Guess what? I won this time. Maybe the machine is malfunctioning. Maybe the sun is shining just the right way right now, or maybe the magnetic poles of the Earth are aligned perfectly for me right at this moment.

No call for a bag check, no red light went off, requiring a roundabout impromptu interrogation by a security idiot, for whom petty power has corrupted beyond all proportions, and no further hold up for me at this station.

Sigh of relief, grab my shoes, bags and laptop. I had almost considered doing this trip in only my pajamas.

Up until this point, I think I’ve waited in about four lines, and there’s one more – boarding the plane. Not the most efficient process to say the least – as this airline does not board by section, row or reason – simply board now. There’s a line that stretches to two gates away for this flight only. We take a seat, and wait for the line to be processed at a snail’s pace.

Once on board, again it seems like people have forgotten all semblance of “how things work”, not realizing that we’re all going to be compressed in this tin can for the next 10 hours or so. Crowding in the aisles, stopping and talking with people already seated, blocking the passage of everyone else from boarding, tossing their carry-on in to the overhead compartments and sitting down.

Before leaving home, I took the time to visit the El Al web site and look at their carry-on luggage policy – and got out the measuring tape to verify that my bag did indeed meet the required size limits, and it did. However, a Boeing 747-400 (how long ago was this particular aircraft made?) center overhead compartments are about 1 inch smaller than the advertised capacity.

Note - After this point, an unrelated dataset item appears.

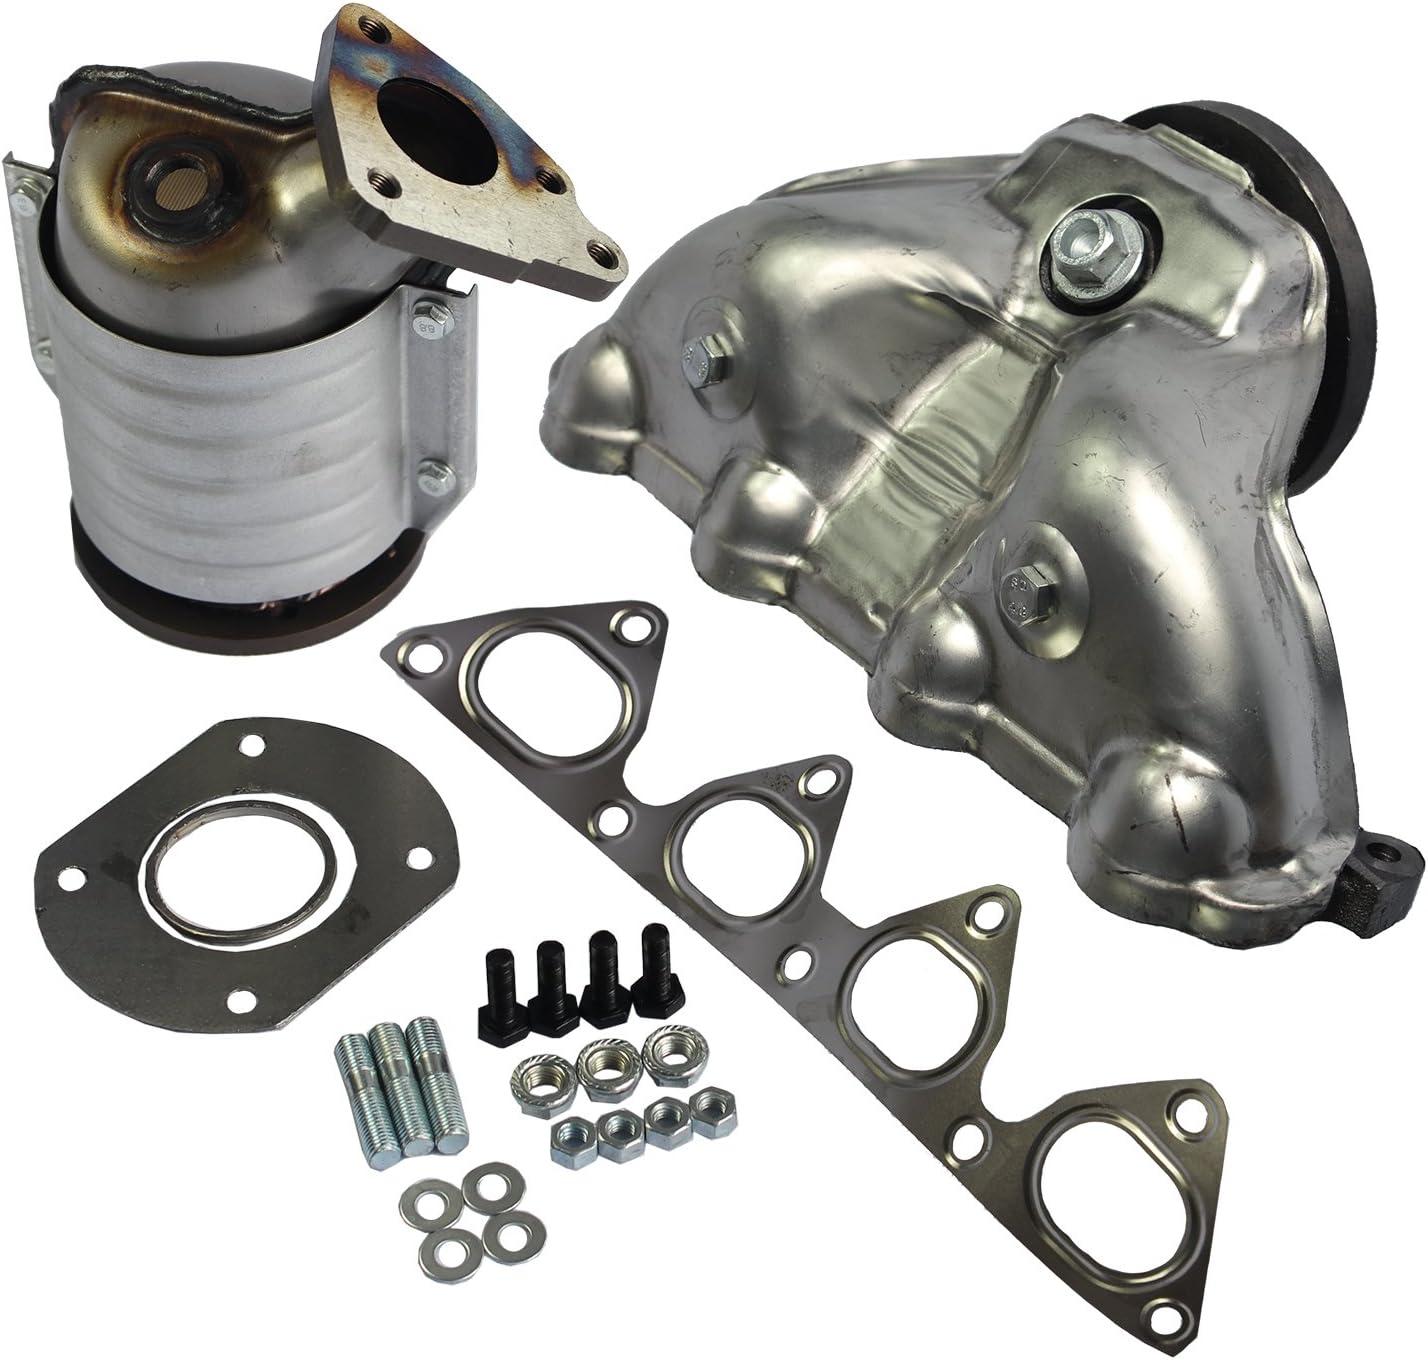 JDMSPEED New Exhaust Manifold 674-439 現品 Honda Civi Replacement For 国産品

My frustration of trying to jam my own bag into their compartment were heard for a few rows, and a few people smiled in sympathy, and nod. I guess they had a similar experience at some point.

I walk farther down the plane looking for space in one of the overhead compartments that face the windows, large enough to share, and as I see an opening and begin to raise my bag, a guy tells me that his “seats are here and this room should be reserved for him and his family”. I grumble and move along further down, finally spot a vacancy 10 rows away, rush there, toss my bag in, slam the compartment shut and sigh in relief.

Fighting my way upstream to get back to my seat, I look and see that, of course, I’m sitting next to a guy that has had his (and mine and yours) share of good meals, and that his gut spills over on to the armrest, to squash against my right arm, prompting me to fly with my arms folded in front of me for most of the flight.

The woman in front of me comments loudly that she cannot believe how small the seats and space between rows is. I smile in sympathy and nod.

And we haven’t even begun to taxi to the runway yet.